• _Assignment_
From the first line to the last, copy the listing exactly and omit the pictures.

• _Material provided_
*** Begin section ***
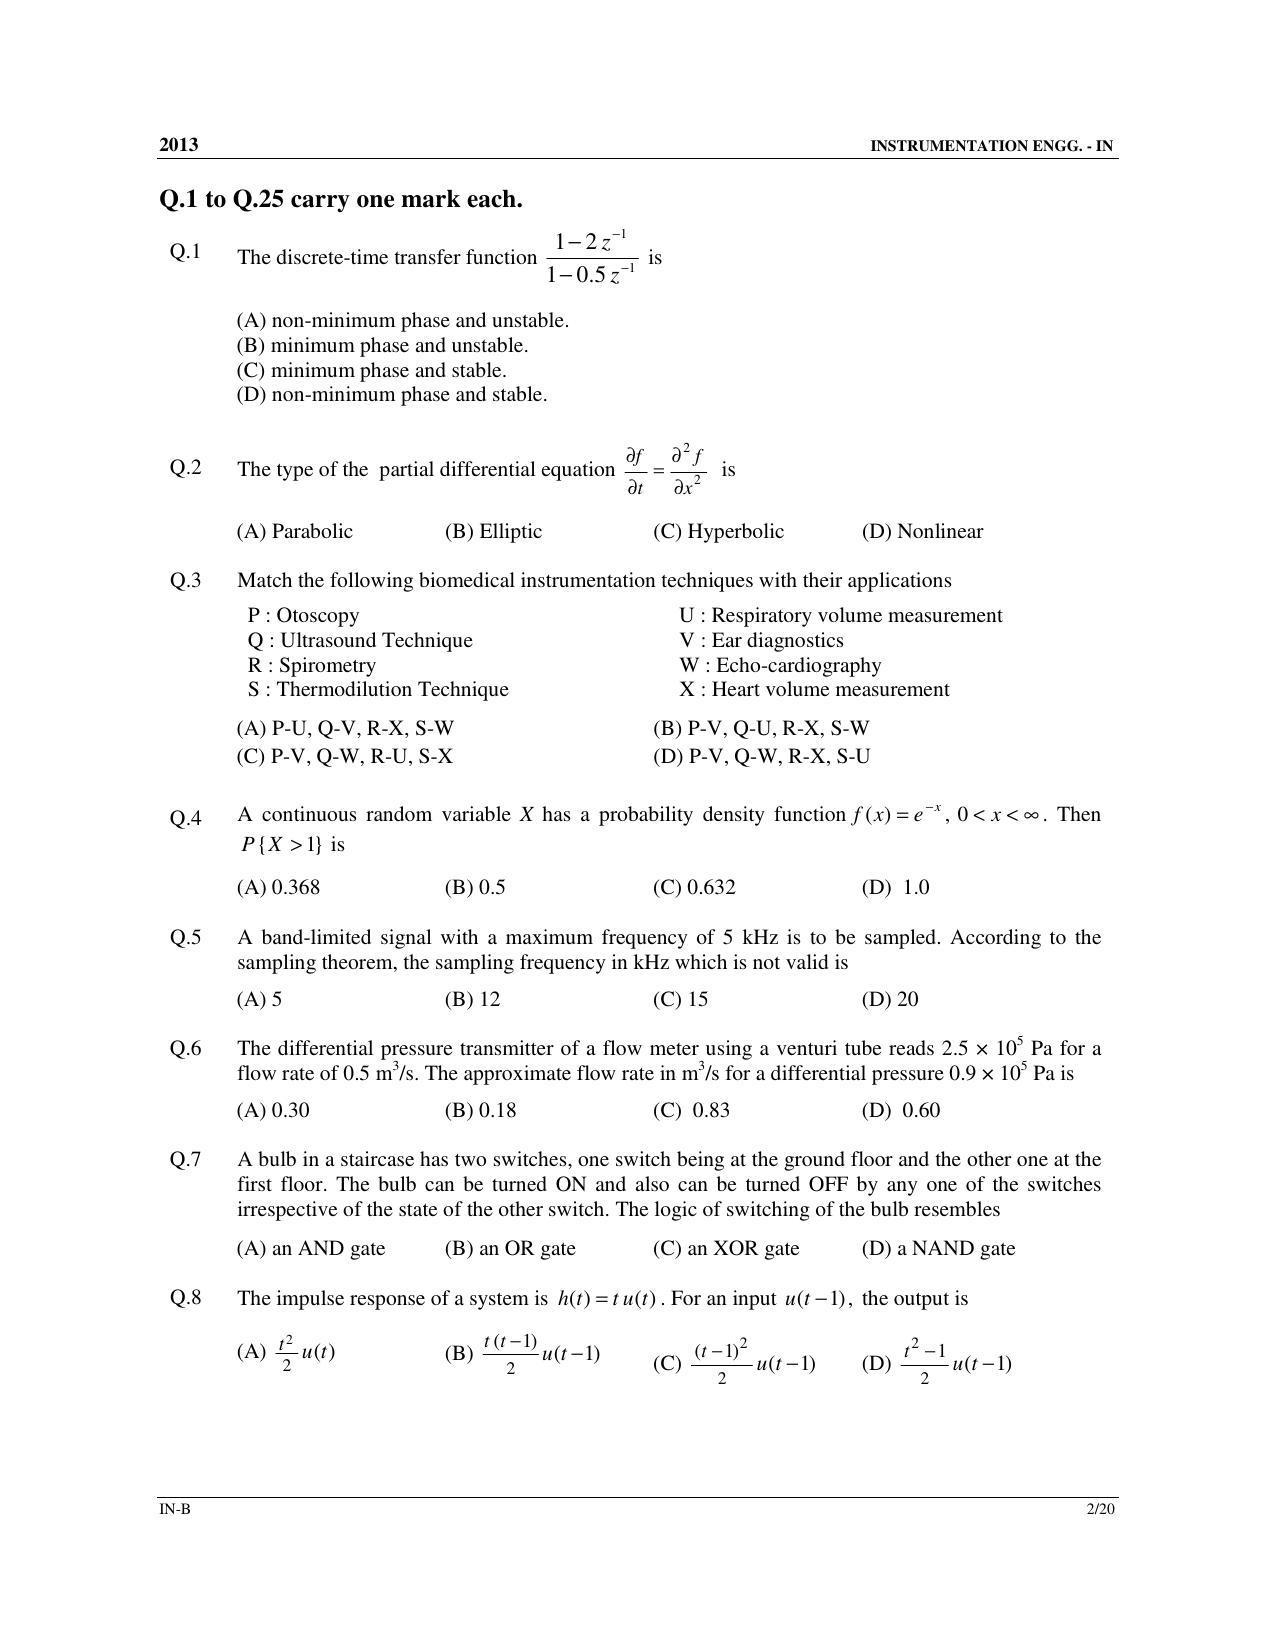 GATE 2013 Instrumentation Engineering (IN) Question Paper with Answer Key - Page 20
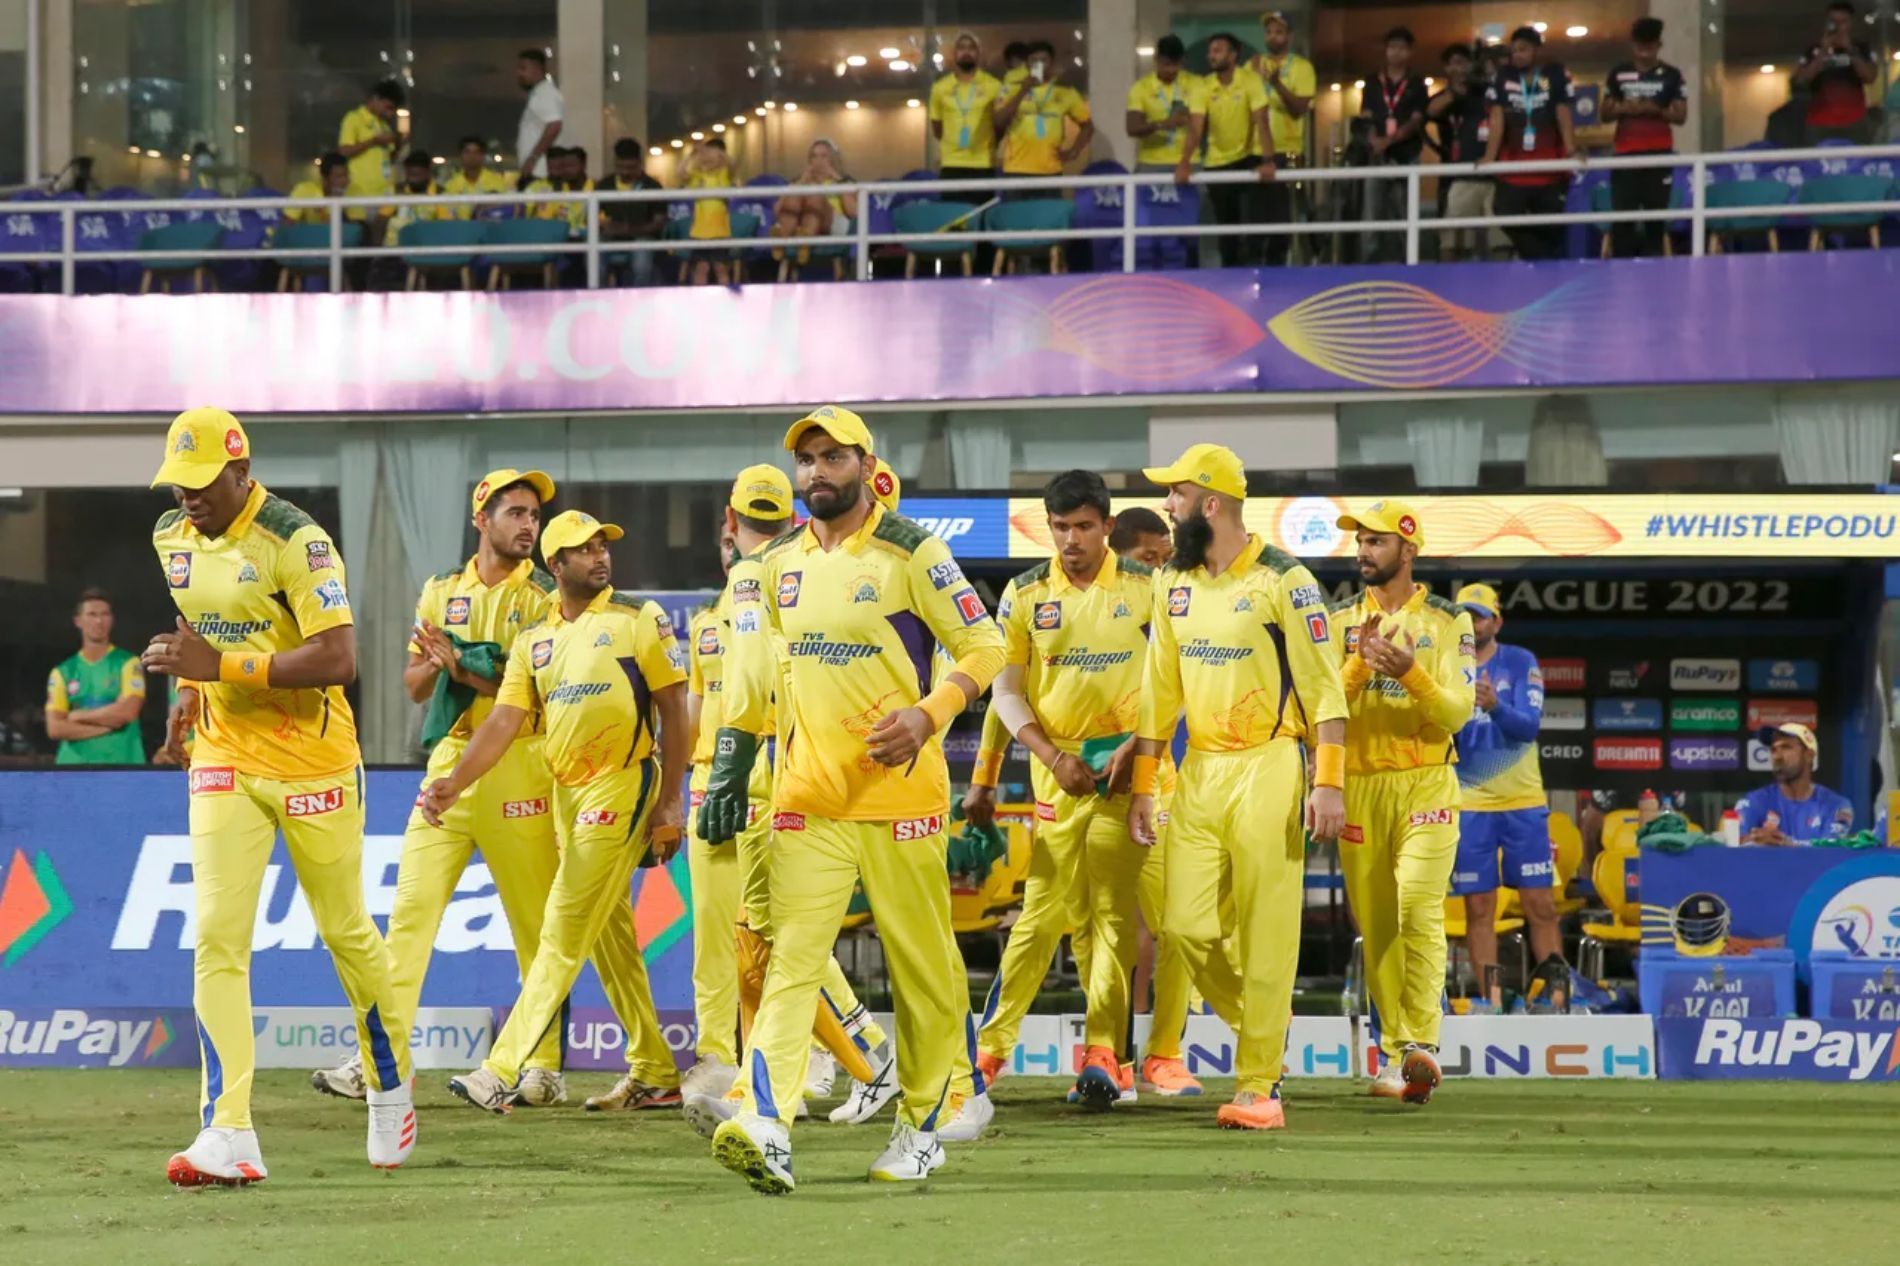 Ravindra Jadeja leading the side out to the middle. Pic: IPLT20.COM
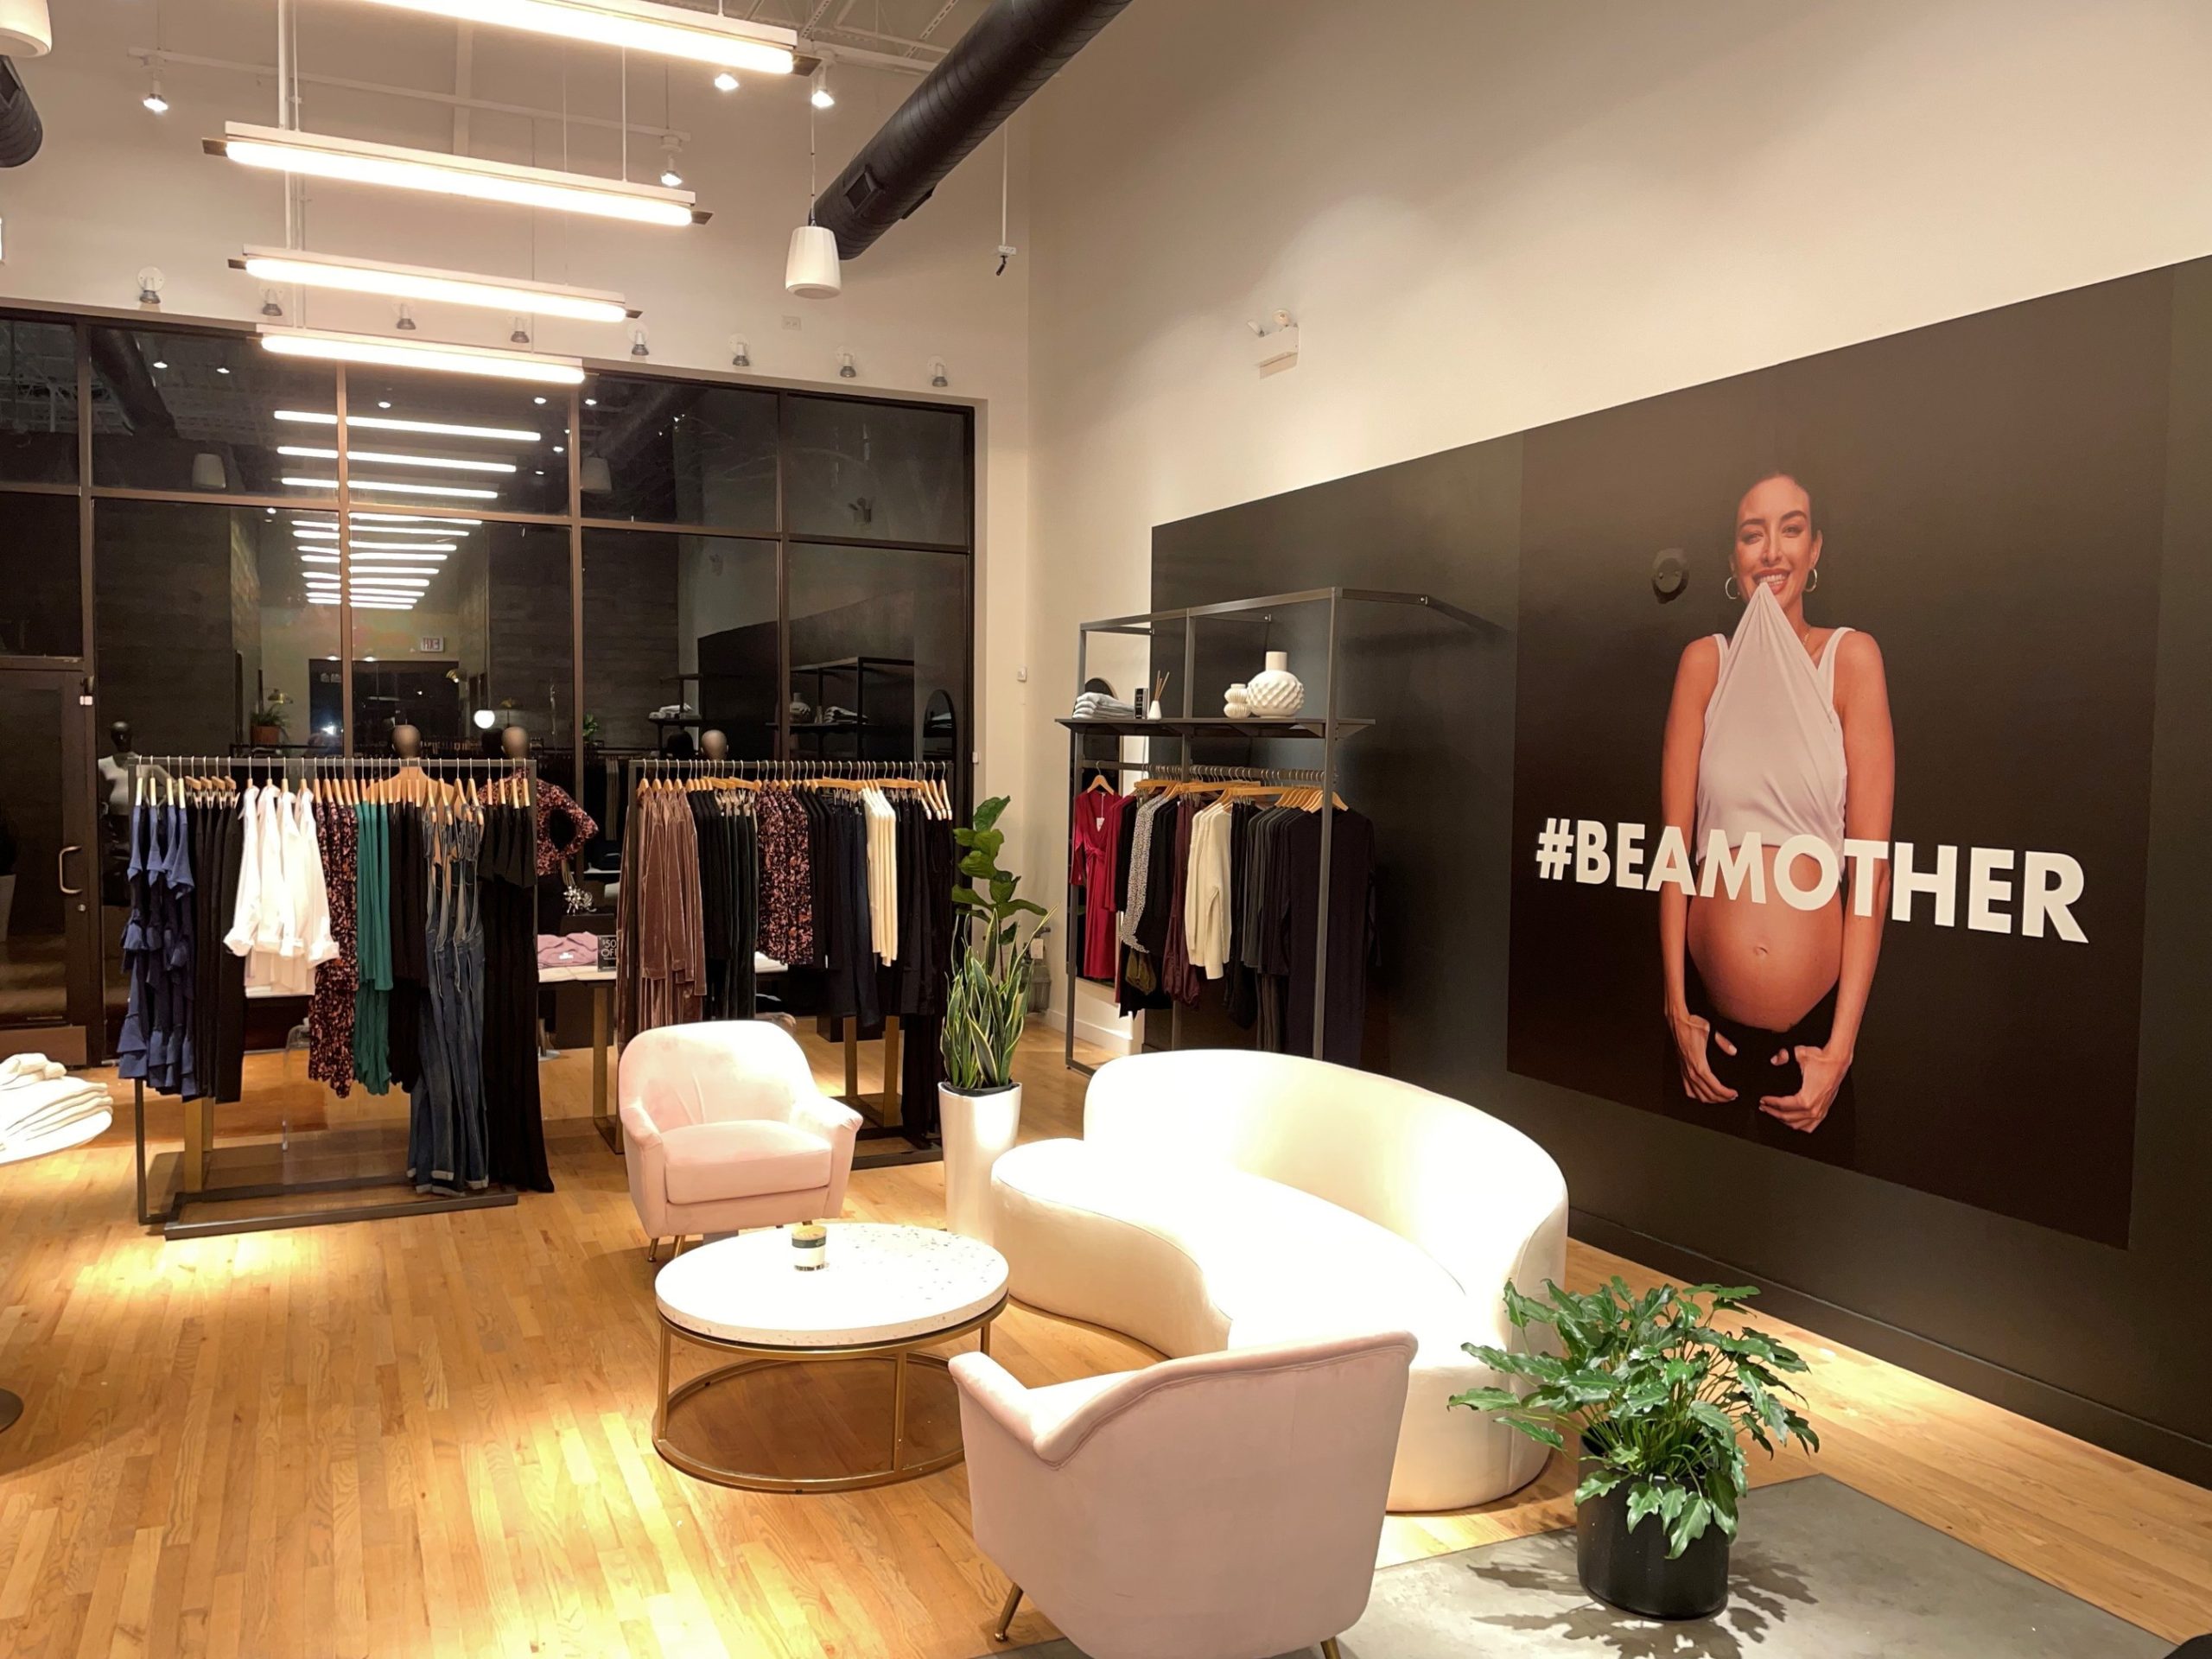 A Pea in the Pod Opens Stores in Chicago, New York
*** End section ***
• _Answer section_
 GATE 2013 Instrumentation Engineering (IN) Question Paper with Answer Key - Page 20
 Ravindra Jadeja leading the side out to the middle. Pic: IPLT20.COM
 A Pea in the Pod Opens Stores in Chicago, New York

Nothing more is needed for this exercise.